Sebut saja namanya Awan, hampir 2
tahun aku mengenalnya. Dan selama itu pula perasaan ini terpendam untuknya.
Jika ditanya seberapa hebat perasaan ini untuknya, maka aku akan menjawab
“sehebat matahari yang setia pada paginya” karena meski malam selalu
menghampiri kita, masih ada esok pagi yang akan mencerahkan kembali dunia kita
berdua.
Menjalani
kehidupan menuju kedewasaan yang tak mudah, terkadang membuat kita saling terobsesi
dengan keegoisan masing-masing. Kamu dengan duniamu, dan aku dengan duniaku.

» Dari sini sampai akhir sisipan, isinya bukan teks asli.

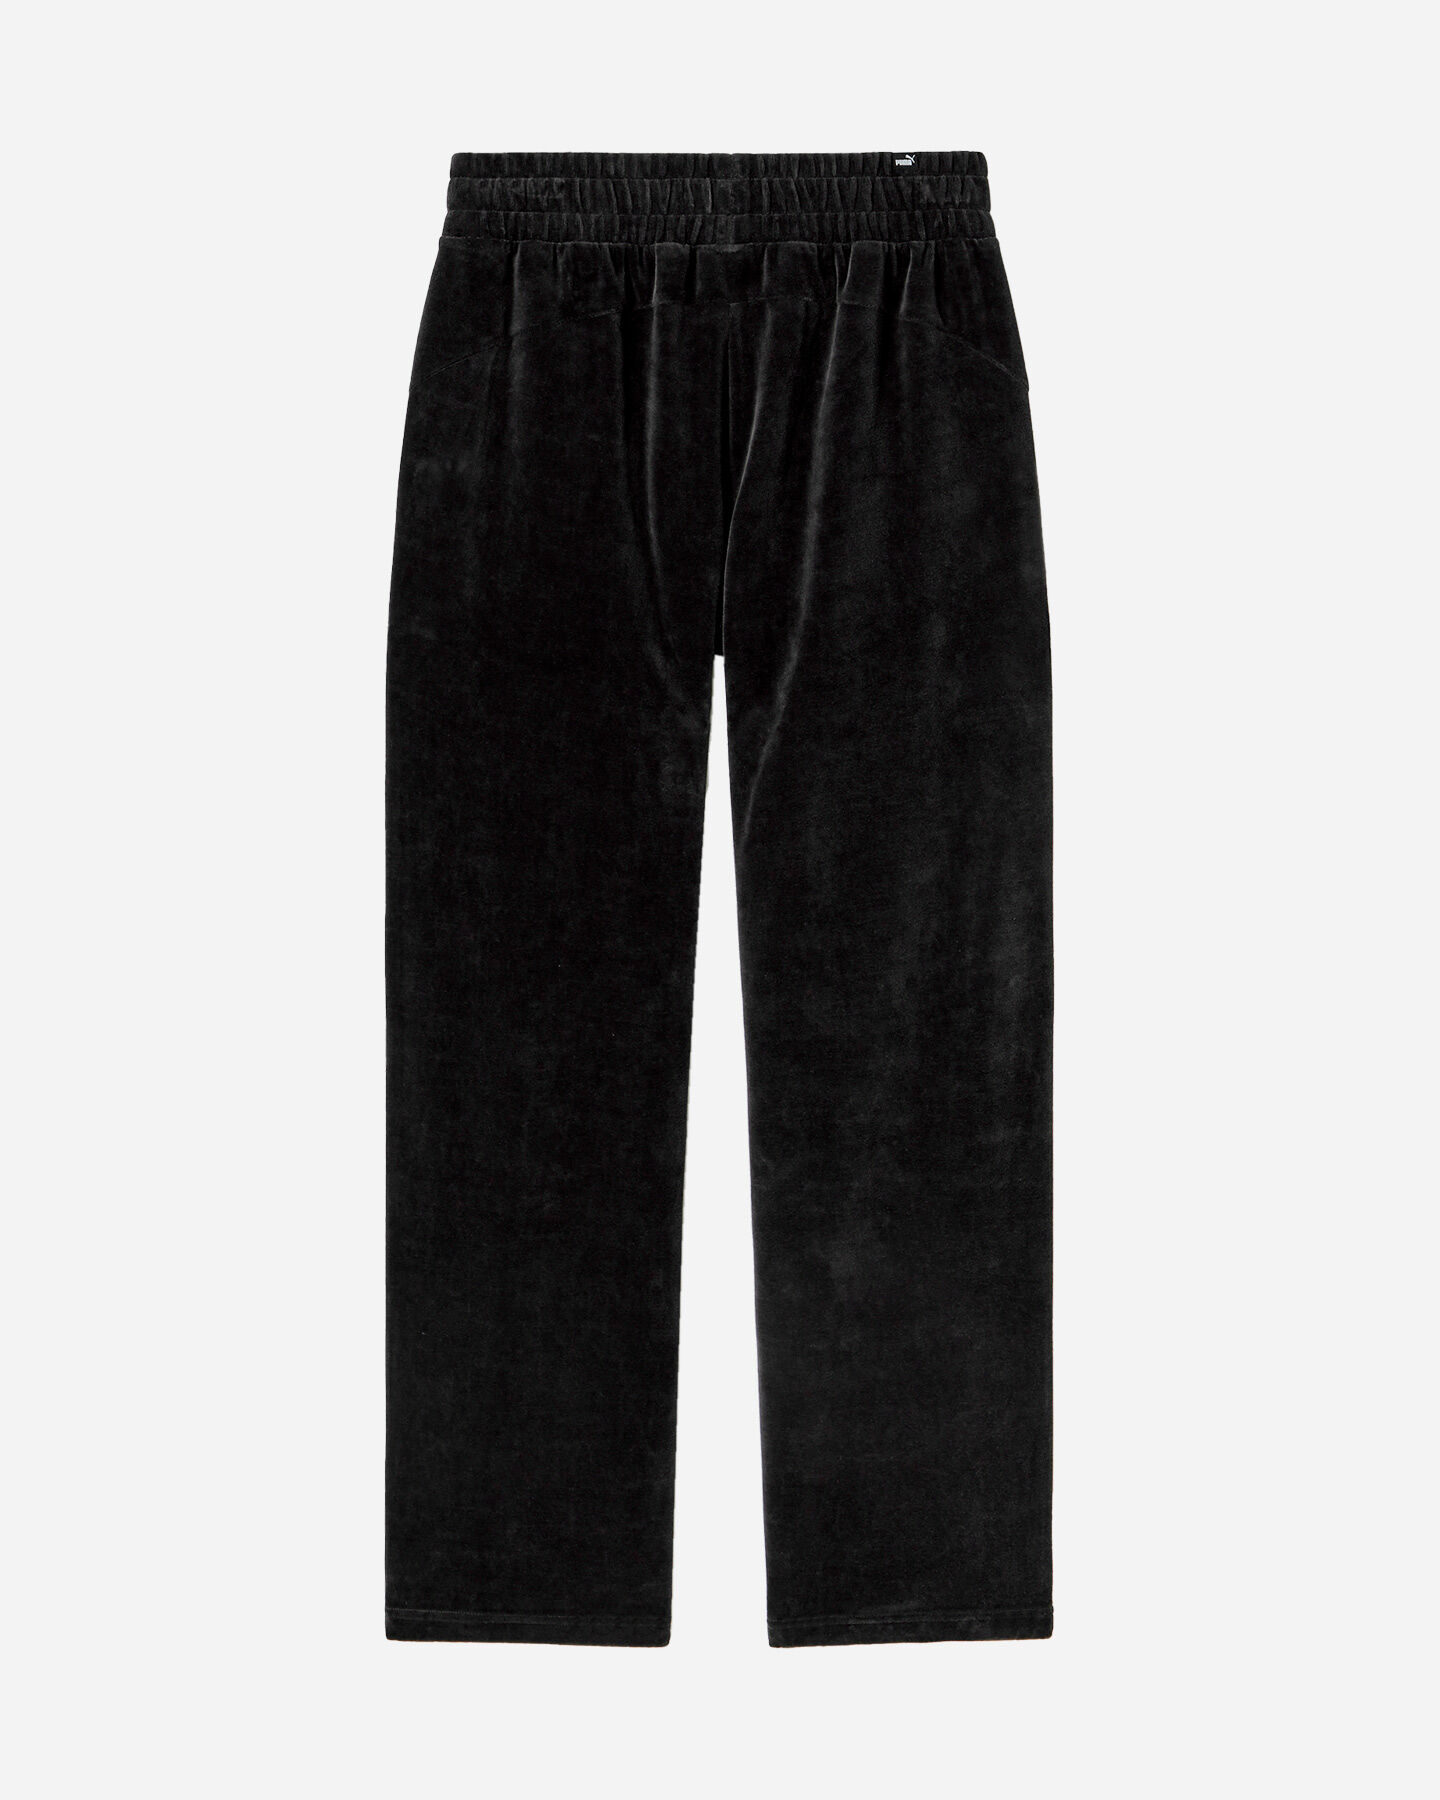  Pantalone PUMA SMALL LOGO W S5615083|01|S scatto 1

Meskipun terkadang aku masih sering memperhatikan langkahmu, ini semua karena
rasaku untukmu.
Aku
tahu semua cerita konyol tentangmu, tentang awal perjuanganmu menapaki jalan
terjal yang sering membuatmu terjatuh. Hingga tentang cintamu, aku tahu pernah
dengan siapa saja hatimu berpijak. Maaf kalau aku terlalu mengurusi jalan
hidupmu, tapi kedekatan ini yang membuatmu tak pernah sadar bila aku
mendengarkan semua cerita itu.
Kamupun
seperti itu, mengetahui semua yang pernah terjadi dalam hidupku, cintaku, juga
semua inginku tentang masa depan yang telah aku ukir sejak lama. Bahkan
kedekatanku saat ini dengan Adi, sosok pria yang diidamkan oleh para wanita
diluaran sana karena kemapanannya. Dan aku menceritakan ini karenamu.
“Udah
Din, kamu cepet jadian sama Adi aja deh. Hidupmu pasti bakal bahagia kalo` sama
dia.”
“Kenapa
seperti itu Wan..?”
“Lihat
aja pekerjaannya, seorang pengusaha muda, sukses pula. Banyak wanita diluar
sana menginginkan sosok seperti itu untuk jadi pacarnya. hidupmu bakal
terjamin, dan gak akan ada yang berani deketin kamu lagi sebagai permainan
cinta mereka. Coba bandingin aja sama aku, hmmm... gak akan ada apa-apanya.”
“Terus
kalo` aku pilih kamu gimana...?” jawabku dengan mata serius.
“emm,
to tuiiit deh. Jadian yuk..!” balasnya dengan ekspresi sok imutnya.
Aku
tak pernah tahu apakah yang dia katakan itu benar adanya, tapi yang aku tahu
aku mengatakan itu dengan benar adaku. Hmmm. Mungkin dia hanya sebatas
menganggap itu hanya sebagai guyonanku yang tak pernah menjurus kearah
seriusan. Andaikan dia tahu, rasaku menjadi benar adanya karena kebiasaanku
mengutarakan guyonan cinta untuknya.
“Diana,
bahagiamu itu aku.”
“Hah..?
maksudnya...?” tanyaku yang tak tahu artinya.
“Percaya
deh, kalau kamu bahagia akupun bisa merasakannya.”
“Waduuuh,
pura-pura mati.” Gayaku sambil berpura-pura mati dengan menyandarkan kepalaku
dipundaknya.
Dalam
benakku saat itu adalah bagaimana bisa aku memilih orang lain, sedangkan sudah
terlihat jelas kini disampingku telah berada sosok yang siap menenangkanku ketika
kekalutan melanda, dan mengusap air mataku ketika kepahitan siap merobek
ketenangan jiwa. Masih bersandar aku dipundak Awan, berharap ini bukanlah
hiasan mimpi yang tak pernah ingin aku terbangun darinya.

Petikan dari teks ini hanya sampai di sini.